If the Minister can traverse them by .01 per cent. in any matter of substance, I will withdraw the motion. Deputies will observe that the number of fat cattle does not seem to show the expansion that I would seem to require to sustain the case I have made, but if they will turn to the exports of beef, veal and tinned beef they will find that the patern of our export trade, under the guidance of the inter-Party Government, was changing, and in a desirable direction, because in addition to the fat cattle exported, in each of these half years you find that of beef, veal and tinned beef there were 42,000 cwt. exported in 1948, 56,000 cwt. in 1949, 87,000 cwt. in 1950, 116,000 cwt. in 1951, and 337,000 cwt. in 1952. Does this bear out the conclusion reached in paragraph 17 of the White Paper which I quoted:—
"Again the current output figures for our staple exports rule out the possibility of any large increase in the volume of exports in the near future to bridge the gap."
I invite the Minister to check the figures I have given and to bring them up to date, and I venture to tell the House that the nine months of 1952 will fully confirm the tendency here revealed. I have the July-December figures but the figures cannot yet be computed for the year 1952. They may not speak so eloquently but they do speak eloquently. Our exports of fat cattle from July to December of 1948 were 52,000; 1949, 108,000; 1950, 139,000; 1951, 148,000. In the same period our exports of beef, veal and tinned beef were: 12,000 cwt. in 1948, 112,000 cwt. in 1949, 212,000 cwt. in 1950, 431,000 cwt. in 1951. I invite the Minister to bespeak from the statistics office the most recent figure for the remaining six months of 1952 as from June last to see if they justify the statement:—
"Again the current output figures for our staple exports rule out the possibility of any large increase in the volume of exports in the near future to bridge the gap."

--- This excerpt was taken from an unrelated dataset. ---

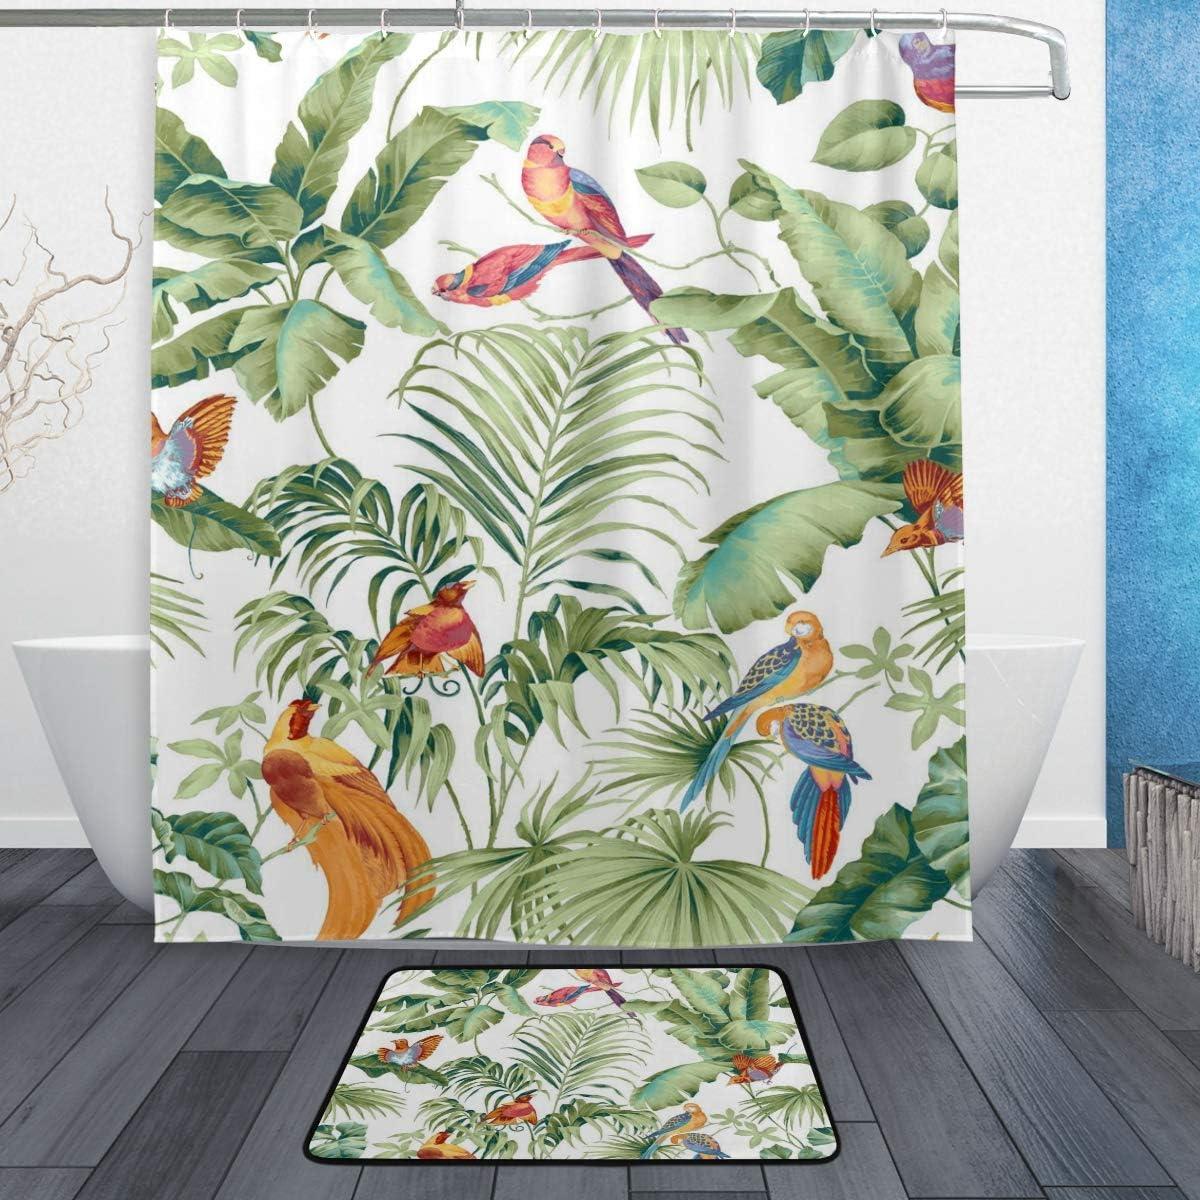 Amazon.com: LORVIES Jungle Canopy Spring Bathroom Set, Polyester

I can call as evidence more arresting statistics still. Omitting pigs and pork, which have become a very valuable export and are growing greater with the passage of every month, and basing my case on cattle only, I direct the attention of the House to the statistics as to the live-stock population available for export in the approximate future, by which I mean the next five years. I group for the purpose of immediate export, that is within the next two years, cattle from two-years-old upwards, and I add to them for the purpose of the longer view the cattle between one year and two years and the calves below one year of age for their export potential in the next five to ten years. In 1947, we had in this country 989,000 cattle other than calves, bulls, milch cows and heifers-in-calf between the ages of two years and upwards. In 1948, we had somewhat over 1,000,000 and in 1949—I can give the figure as an approximate one—1,047,000 cattle; in 1950, we had 1,079,000 and in 1951, 1,132,000 coming within that age category.
In the one-year to two-years-old category—I ask the House very specially to note the figures because they relate to the long term prospect of our industry—in 1947, we had 846,000, and in June, 1948, 742,000. I think these figures relate to June, but I cannot be perfectly certain. They may relate to the January census, but the figures are for the same date in every year, whether in June or January. In 1949, we had 804,000; in 1950, 912,000; in 1951, 974,000, and in 1952, 968,000. Let me further direct the attention of the House to the statistical situation in regard to calves. I have mentioned here before that there is a rough calculation whereby you compare the number of cattle under one year in one year with the numbers of cattle between one year and two years in the subsequent year, thereby discerning the losses the live-stock industry as a whole has experienced in calves, whether through death, slaughter or otherwise. Operating that approximate method of estimation, the loss of calves between 1947 and 1948 was 109,000.